Interestingly, and part of the story and opportunity for issuers in 2019, is that reverting back to the 2015-2016 period of time, corporate spread levels were much wider for most of 2016 at the same time US Treasury levels were equal to where we reached recently in 2019. The chart below also shows the extreme period of spread widening in late 2018, and subsequent tightening through the Fed pivot and global central bank liquidity campaign in 2019.

Source: Bloomberg

Historic Period of Corporate Issuance

What began as mostly a sovereign story, the negative yield phenomenon is very much a global investment grade credit story. Essentially, the further negative sovereign yields go, the greater the quest for higher, positive yielding assets within proper investment guidelines. So essentially, the same dynamic impacting the overall negative yield pool has worked its way through the global investment grade market with spillover to the United States.

For context, the pool of negative yielding corporate debt surpassed the $1 trillion market in the most recent rate move in August. Similar to the move in sovereign debt, this is up significantly from earlier in the year, as the trade war intensified, economic growth slowed and central banks made a dramatic coordinated pivot.

Now is the Time

As the old saying goes: “feed them while they’re hungry.” Despite the recent backup in US sovereign rates, credit spreads remain very tight.

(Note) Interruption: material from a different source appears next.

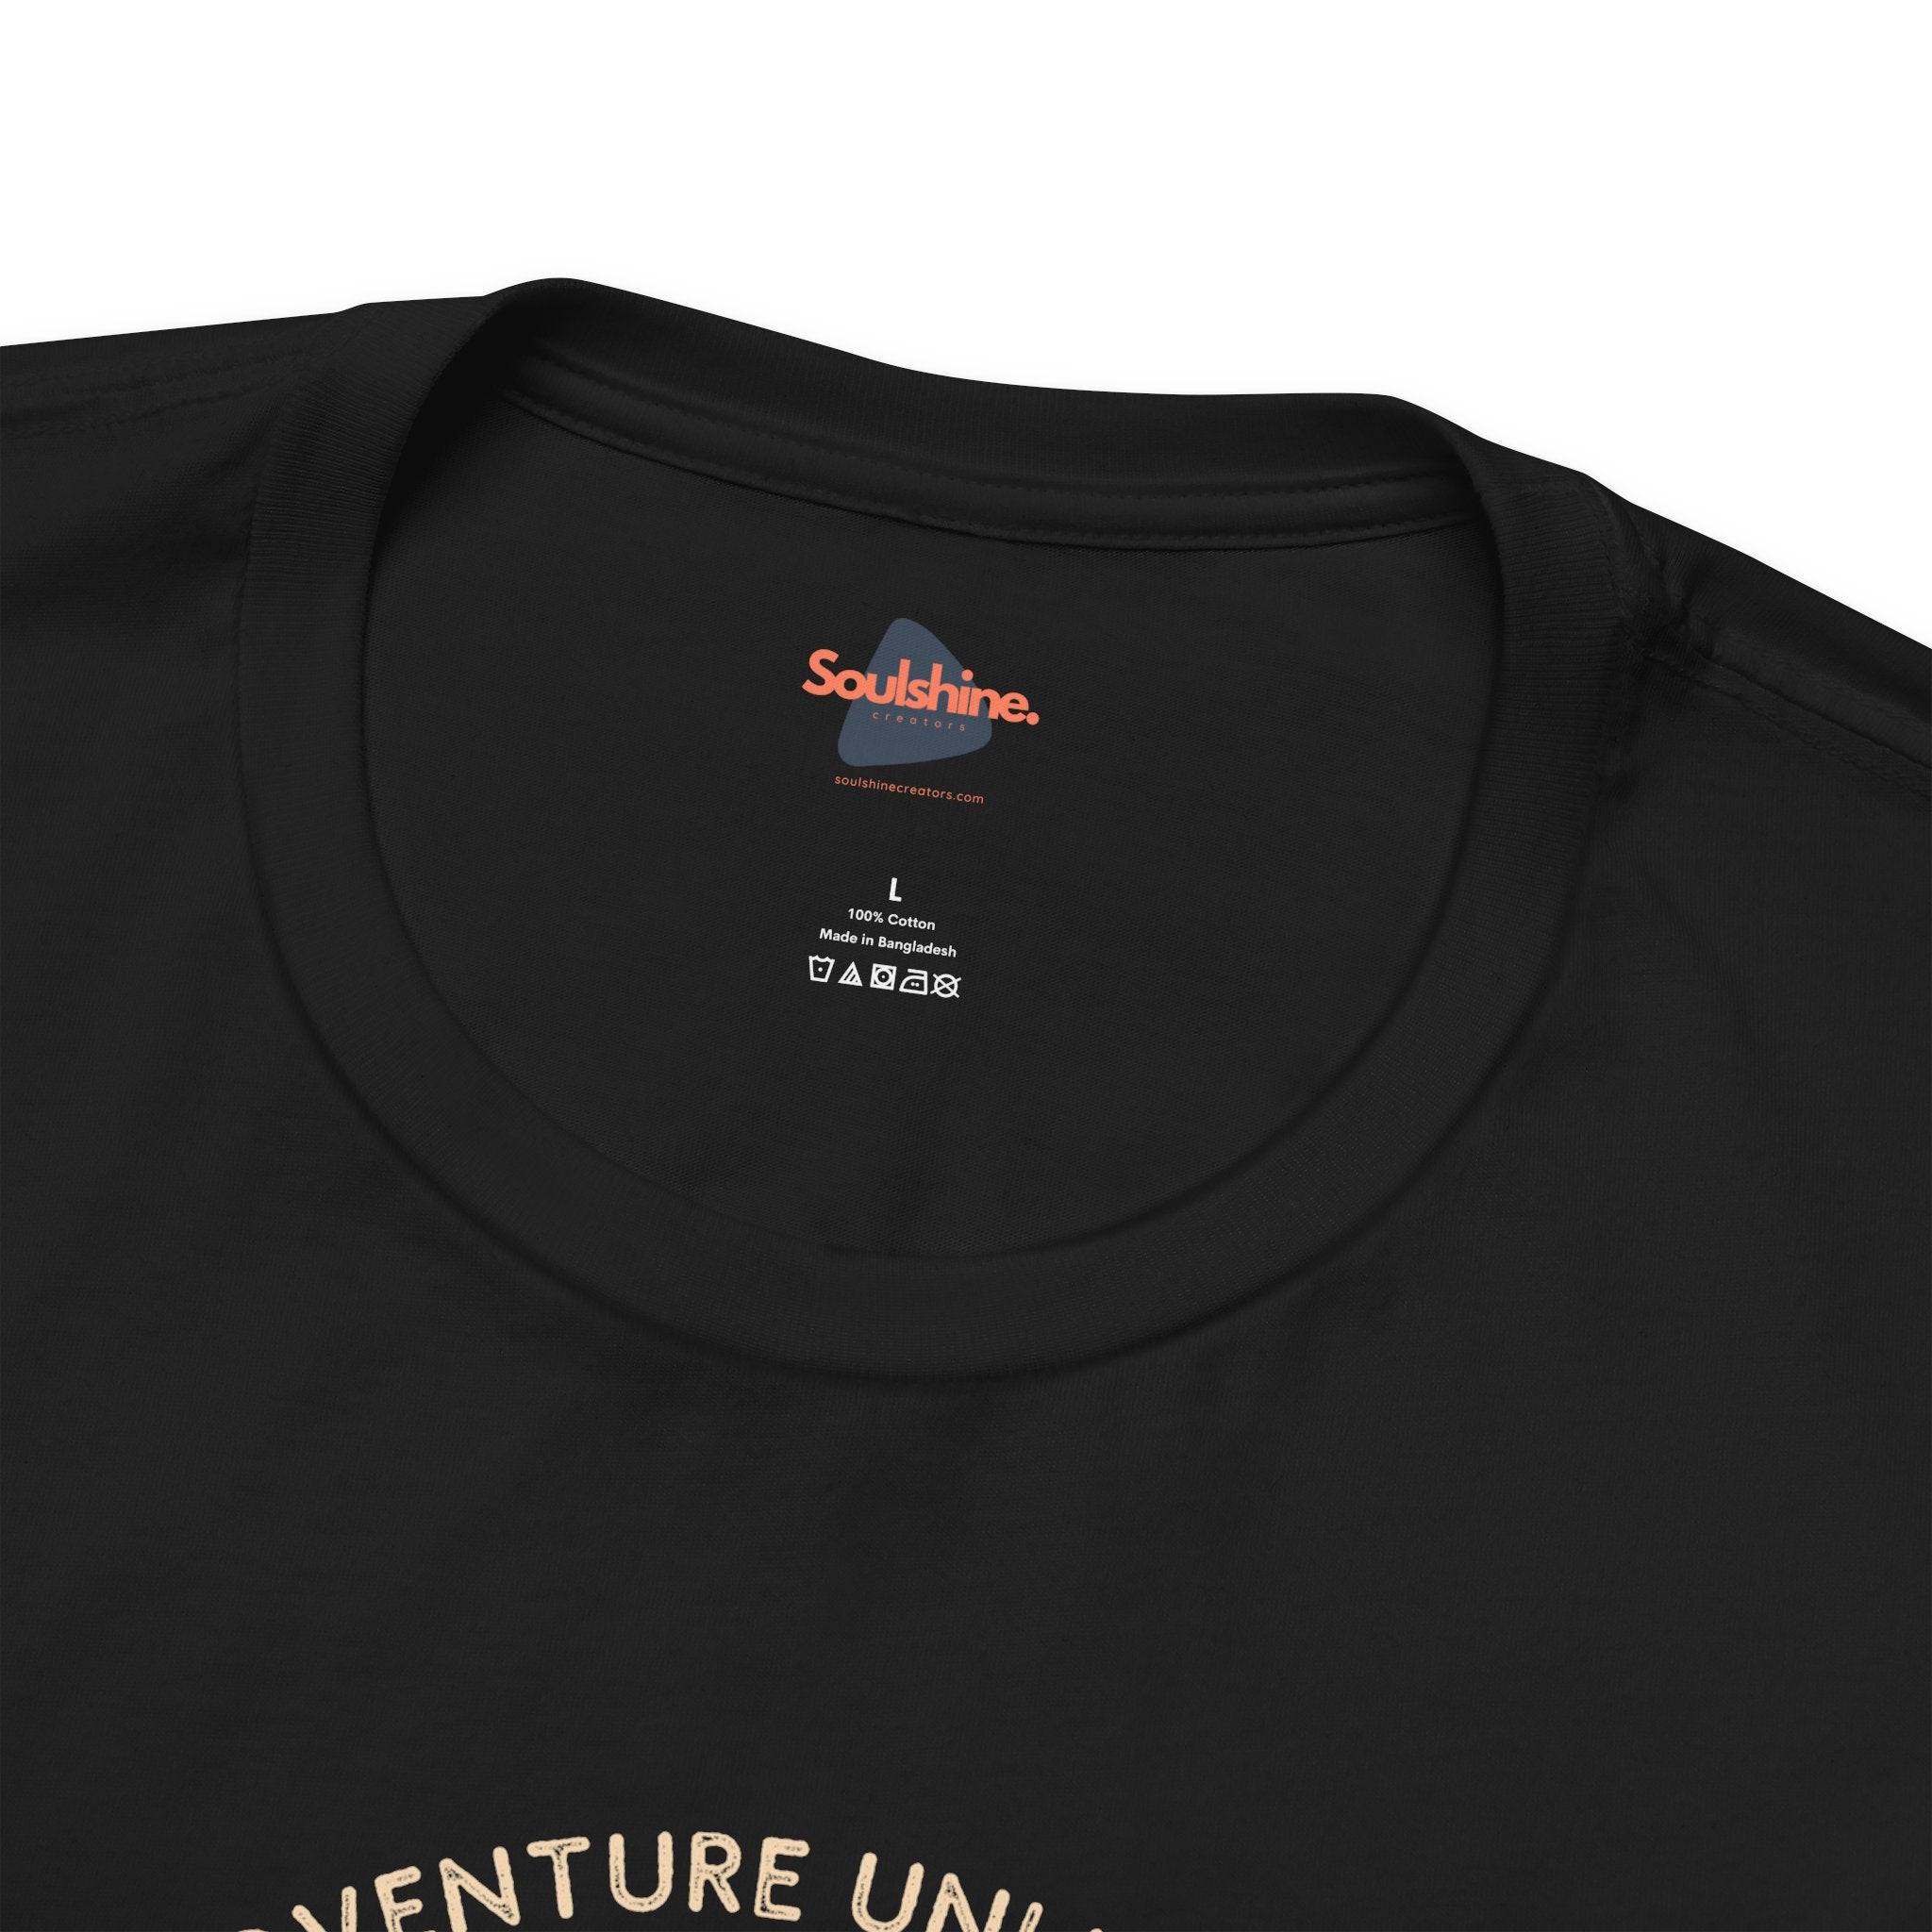 Adventure Unlimited - Unisex Jersey Short Sleeve Tee - Back of Black T-Shirt with Printed Design

And we believe the importation of the negative yield story abroad is a strong part of the reason.

According to our Head of Investment Grade Credit Trading, Stephen Haas, following the Labor Day holiday there has been a historic barrage of new issues, including 91 borrowers with $117 billion priced across 145 tranches. Although expected to slow, issuance this week is still expected in the range of $35 billion with the money center banks dominating much of the secondary trading over the past week. Additionally, earlier today Lipper reported a $5.6 billion inflow into Investment Grade funds, the third largest on record.

Where Do We Go From Here

The outlook for the global economy remains uncertain. In conjunction with this, over the  weekend a clear sign of geopolitical risk was inserted with the attack on Saudi oil fields. Still, with central banks very focused including the ECB’s recent announcement, short-term the market will still have support.

What’s important from here is to strike while the iron is hot. In other words, extreme levels in markets generally don’t last. Similar to the move we had in rates over the past week, and in looking at the year-end charts in Investment Grade credit from 2015 and 2018, reversals in credit do happen and generally with pockets of illiquid markets. The end of 2018 is a prime example.

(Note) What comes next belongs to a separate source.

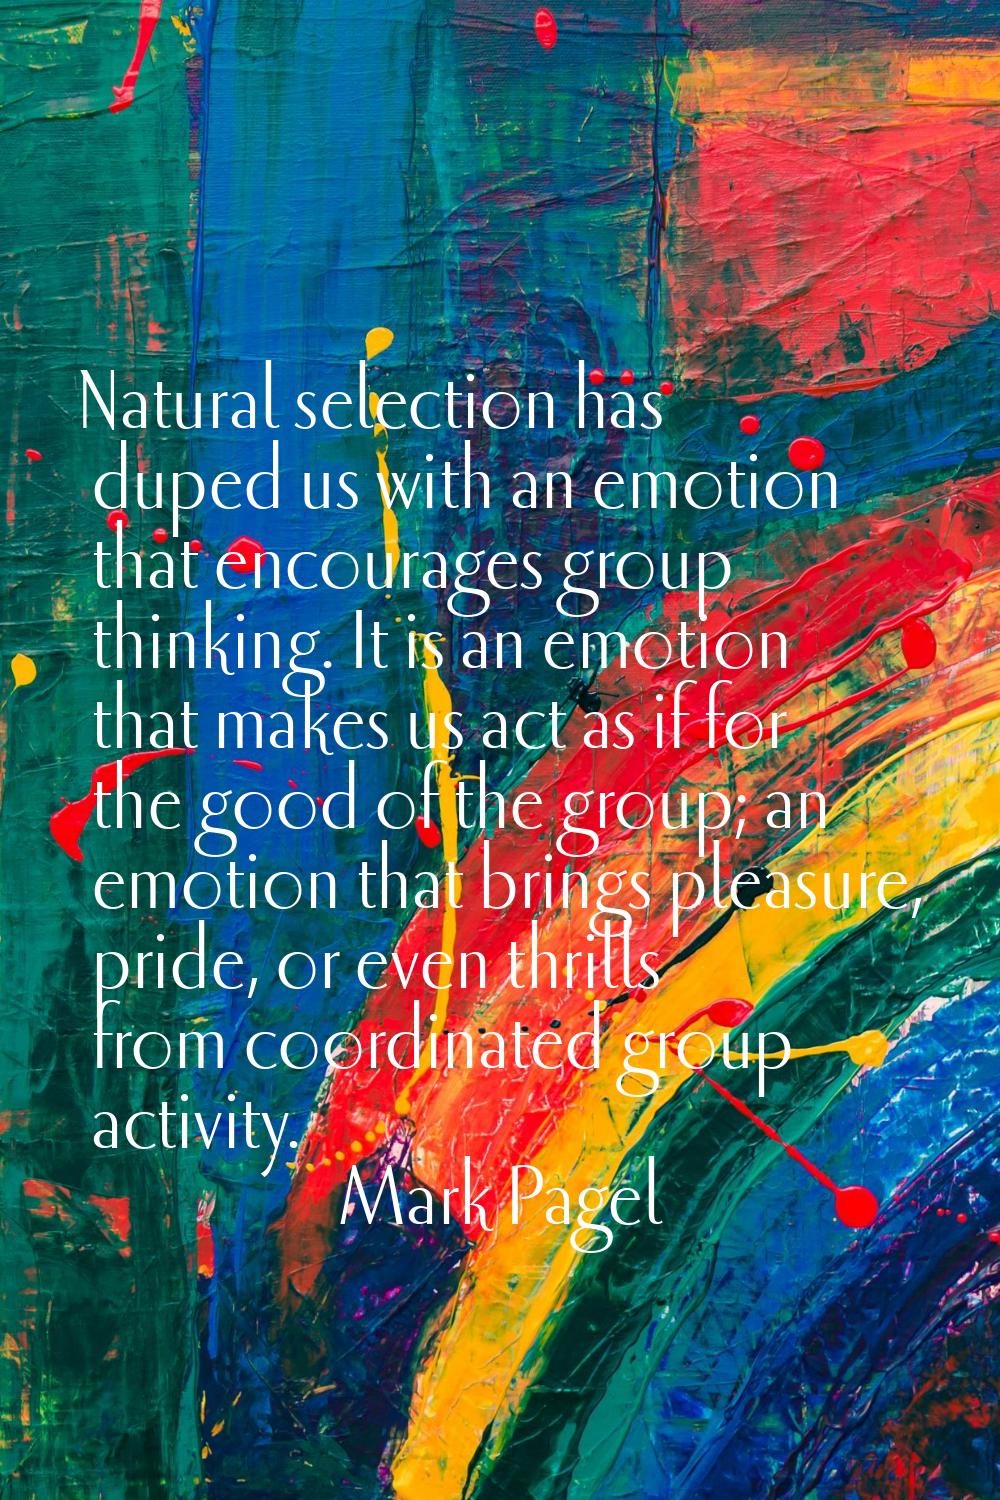 Natural selection has duped us with an emotion that encourages group thinking. It is an emotion tha

The Fed will likely deliver another 25-basis point cut this week. Yet, the bar going forward may in fact become more difficult as we close out 2019 with the potential for progress on the trade front. In other words, the same dynamics which created this pocket of very tight spreads and low rates could easily reverse if the trade situation alleviates and the Fed takes a step back.

In the end, this has all been one big trade. From the latter part of last year, through the extreme global central bank pivot and the increasing pool of negative yielding assets. Essentially, the negative yield story in many ways is a negative growth story. As the central banks keep their foot on the gas, coupled with a short-term sentiment shift between the US and China, the potential for current market dynamics to reverse at some point has increased.

The Fed has spoken at length about the improvement in financial conditions this year. From the fall of 2018 through August of 2019, 10 year nominal yields are close to 200-basis points lower! Fed chairman Powell referred to this specifically when the Fed cut interest rates this past July. Essentially, the market should not view the rate cut in isolation and that much of the improvement has occurred without a cut in rates. And he is right.

Both on the consumer and corporate side, the importation of the negative yield dynamic abroad has offered a very constructive underpinning for overall financing levels in the United States.